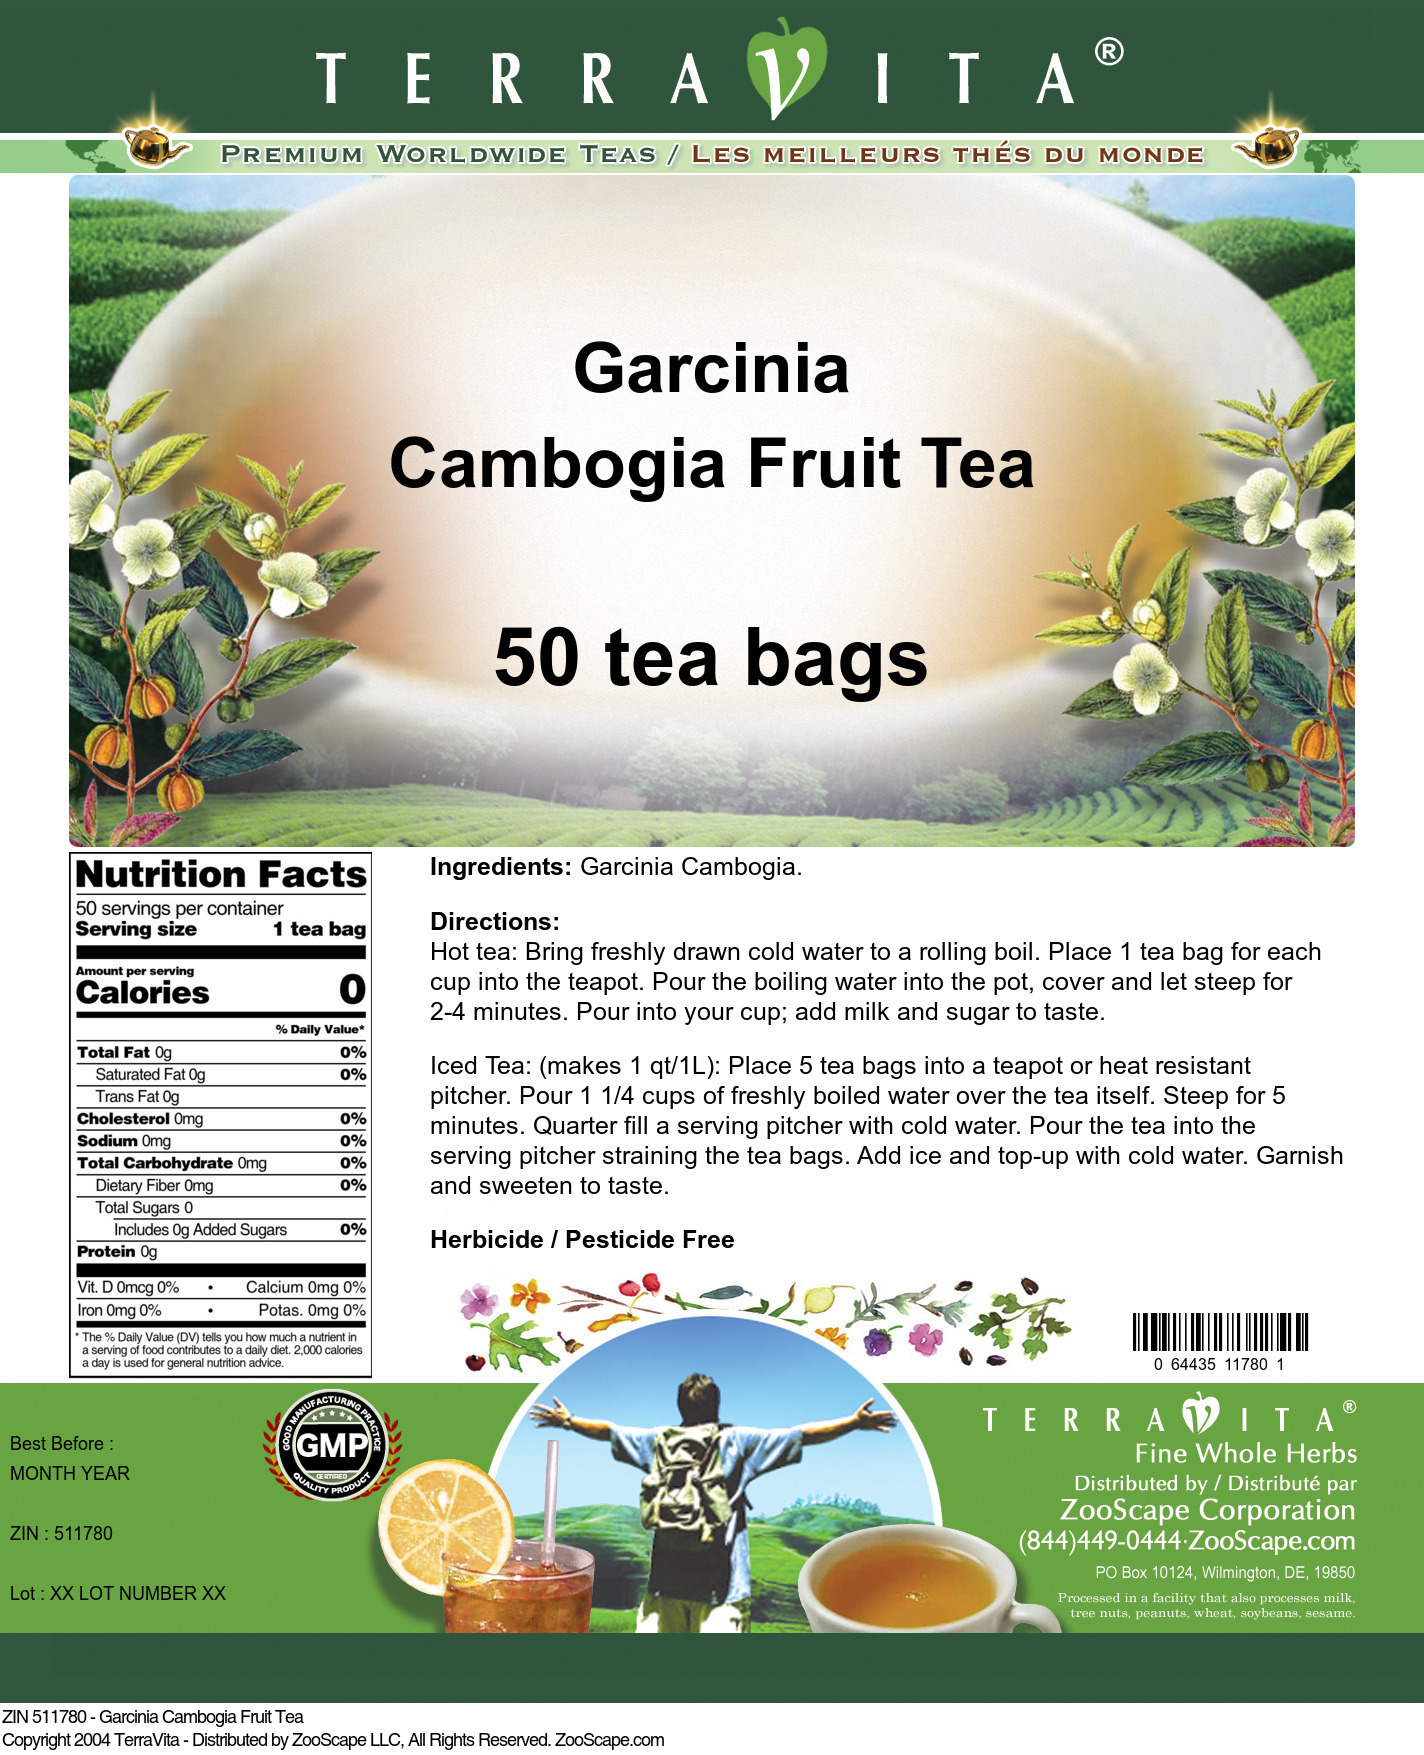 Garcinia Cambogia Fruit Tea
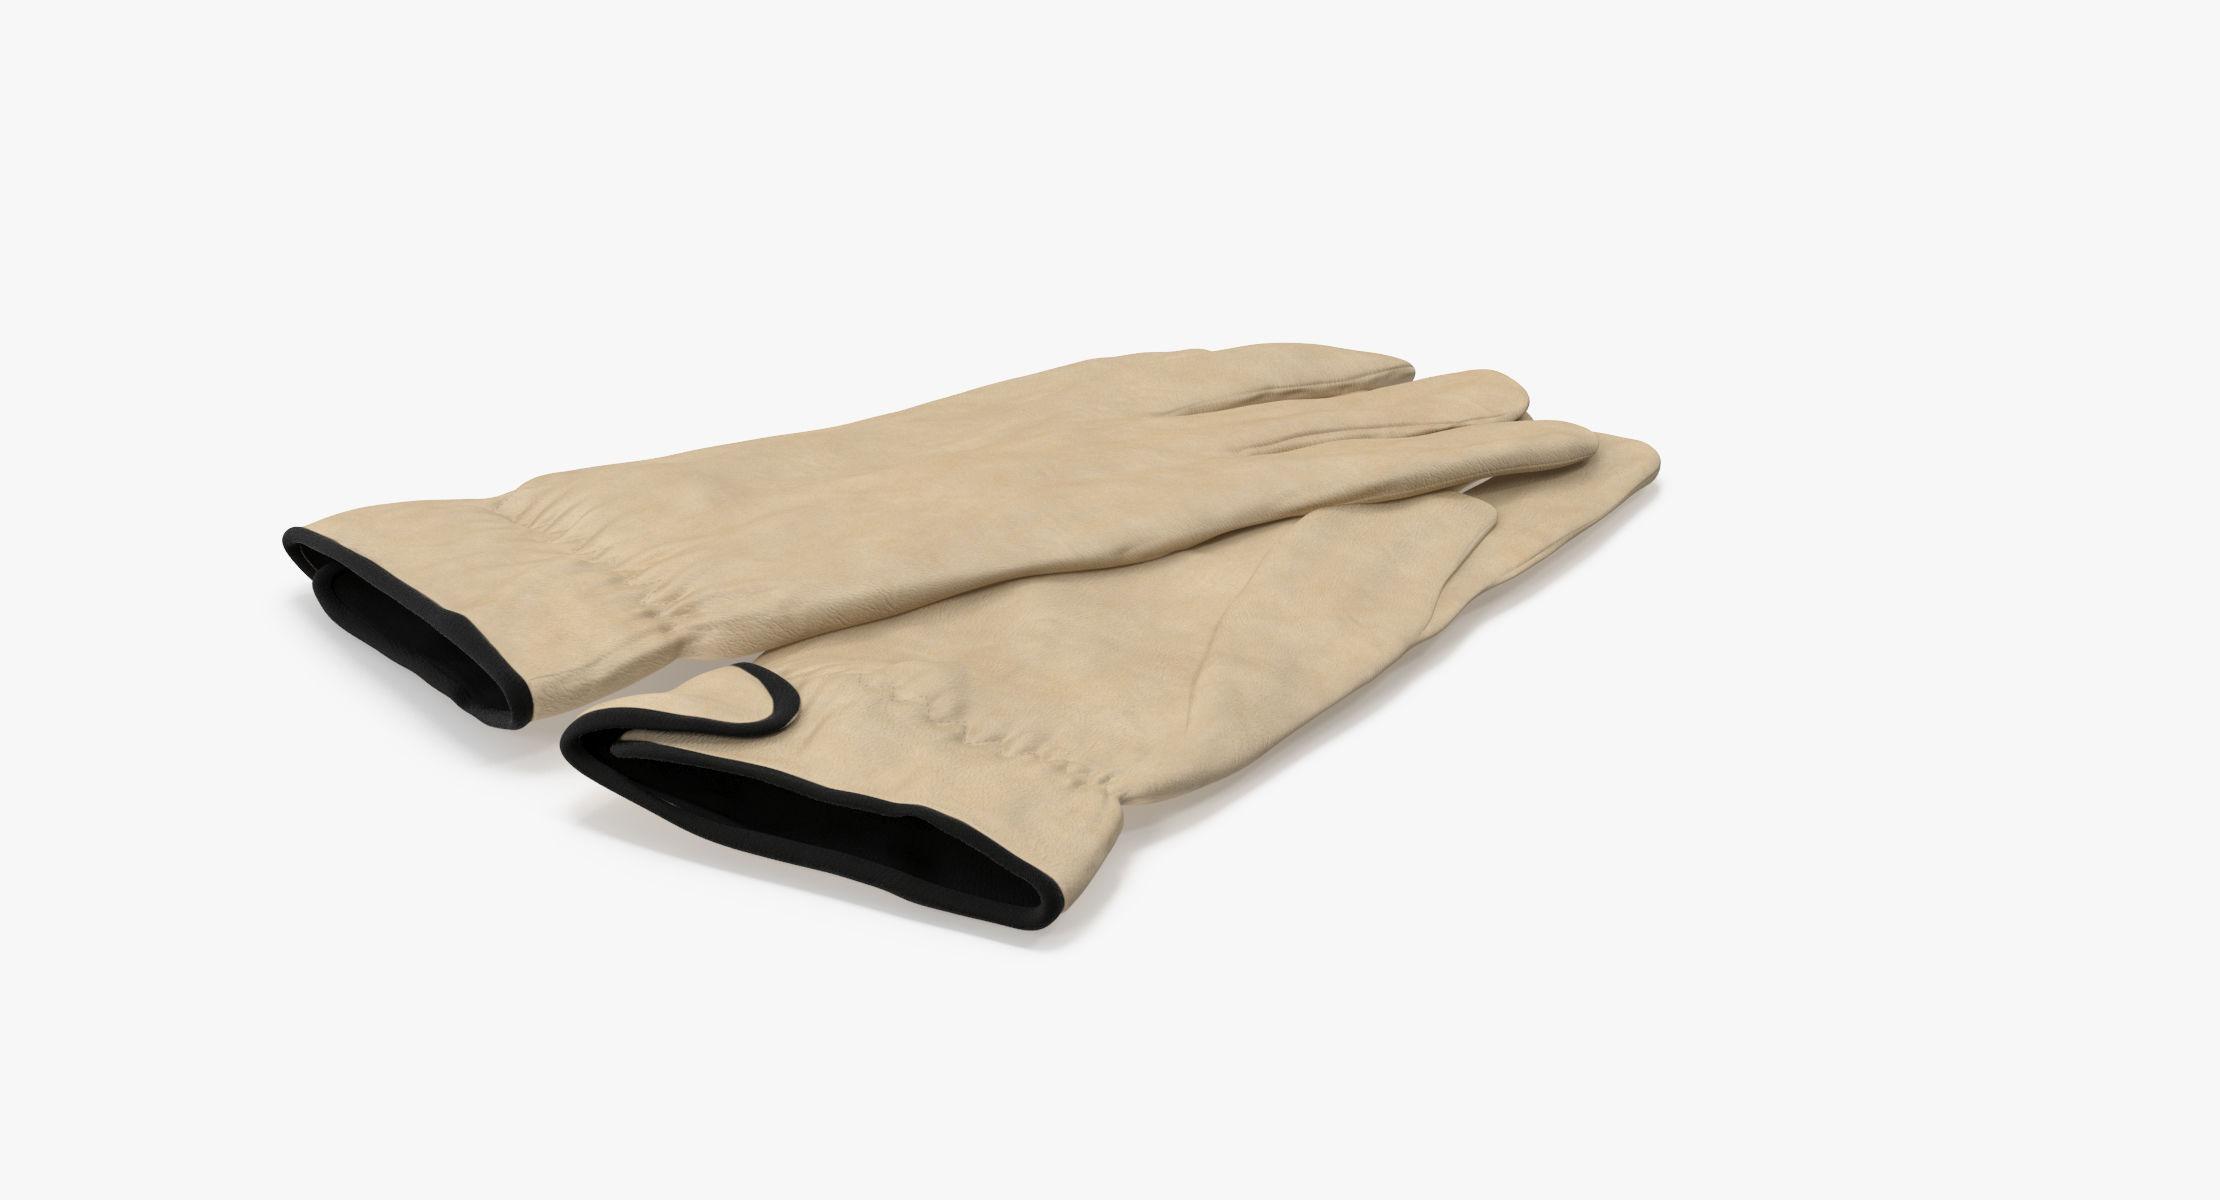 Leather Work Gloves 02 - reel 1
...
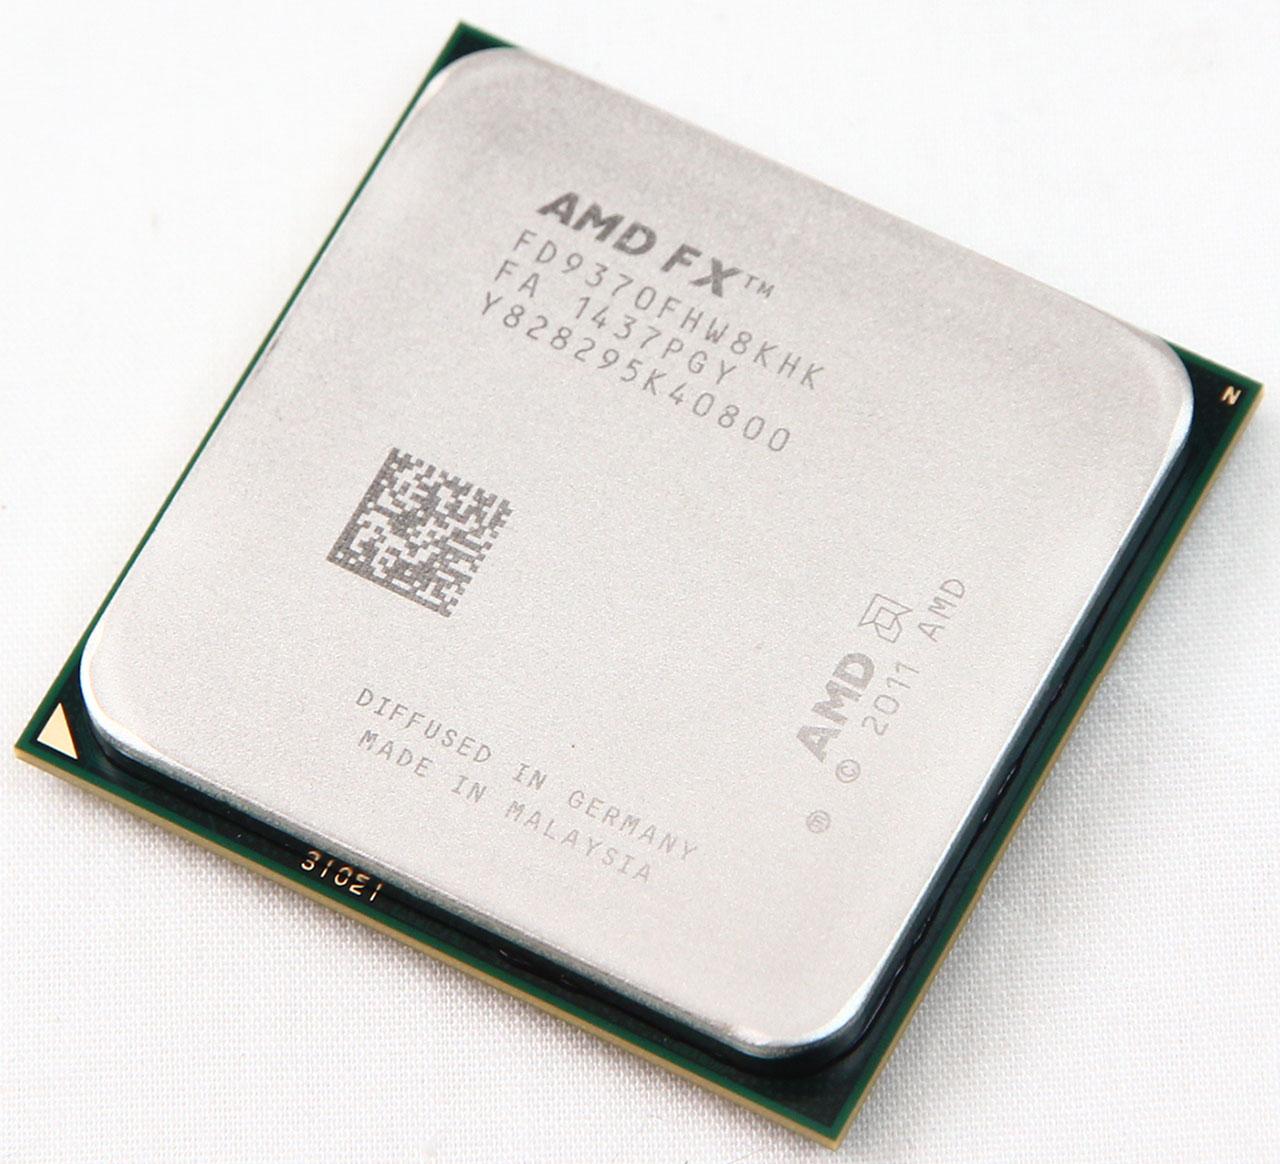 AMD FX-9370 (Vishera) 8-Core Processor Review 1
--
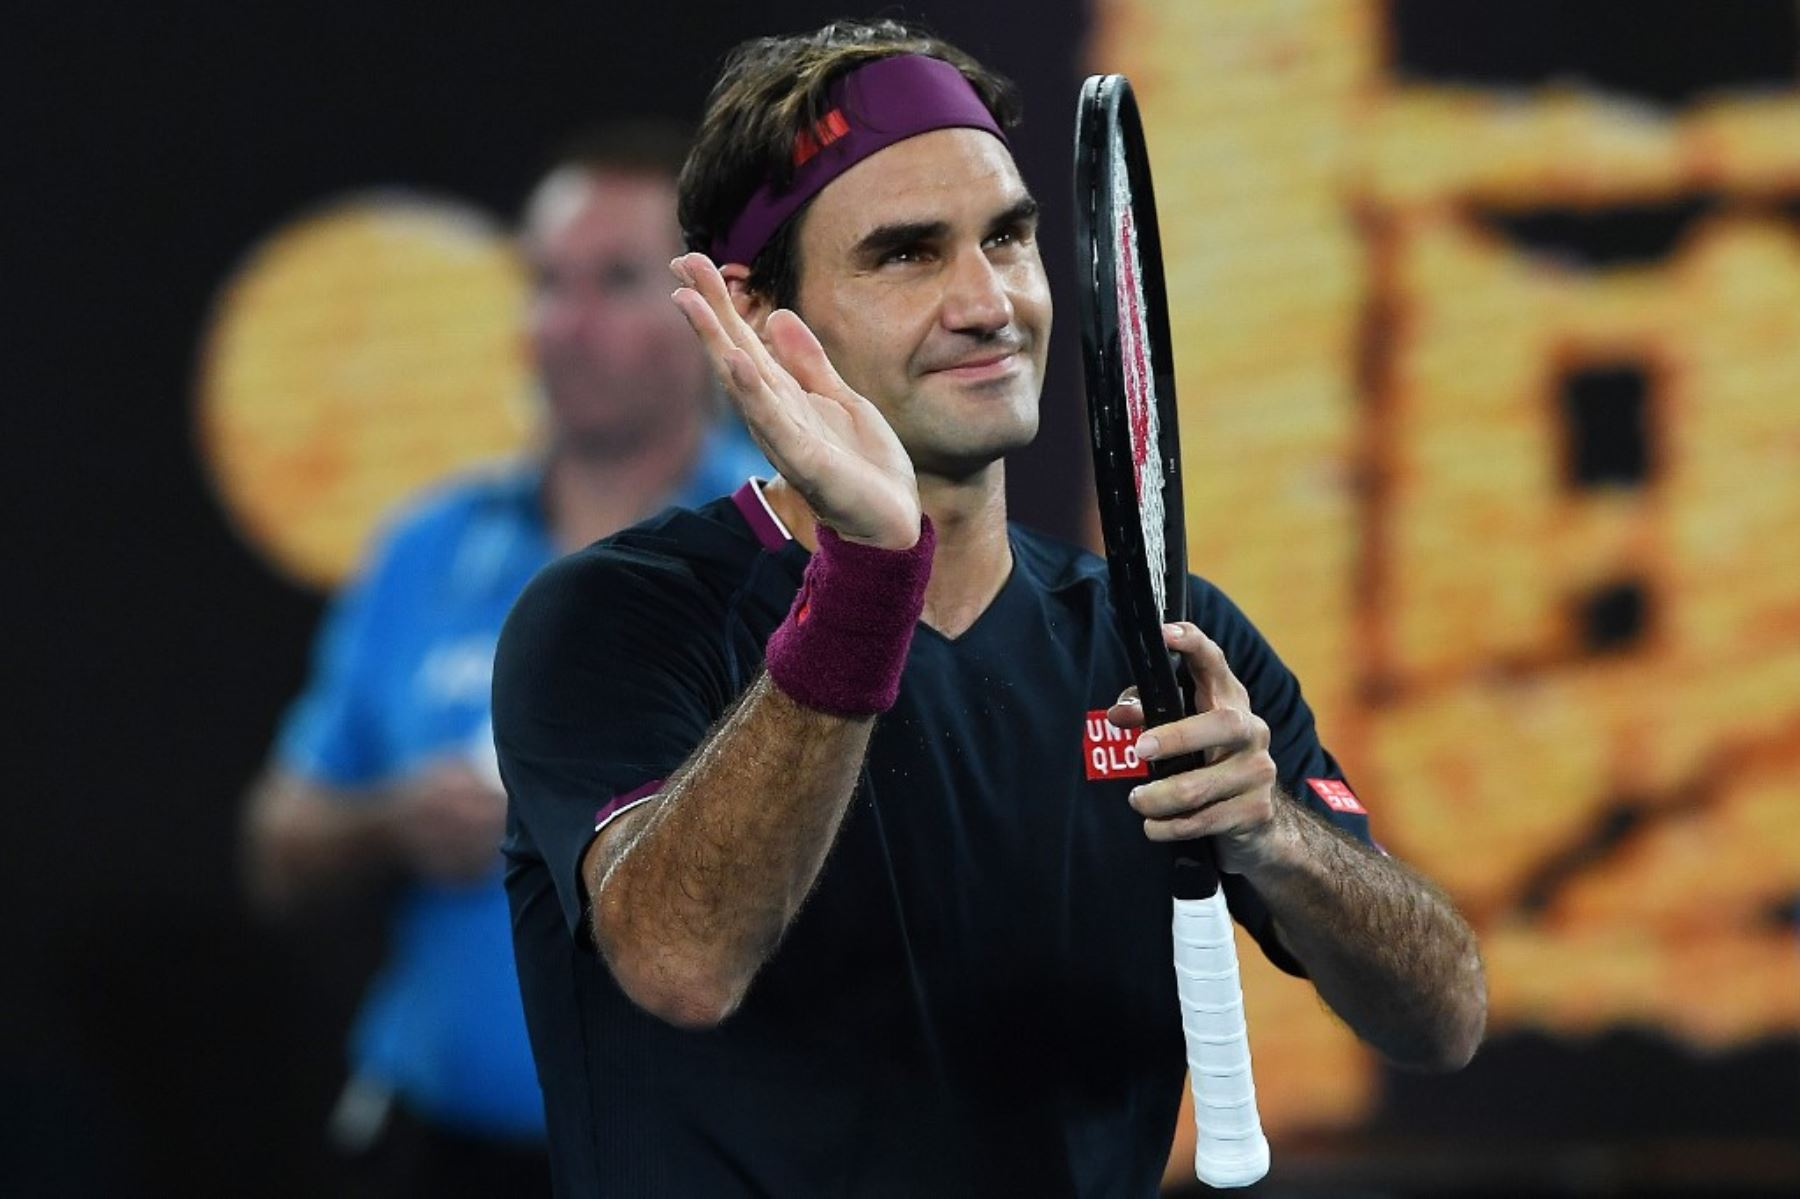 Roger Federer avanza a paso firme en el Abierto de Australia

YOUR OBJECTIVE -> The reply should hold exactly the lines above, starting at the line with "Garcinia Cambogia Fruit Tea" and ending at the line with "Leather Work Gloves 02 - reel 1", and no pictures.

RESPONSE FOR THIS EXERCISE ->
 Garcinia Cambogia Fruit Tea
 Leather Work Gloves 02 - reel 1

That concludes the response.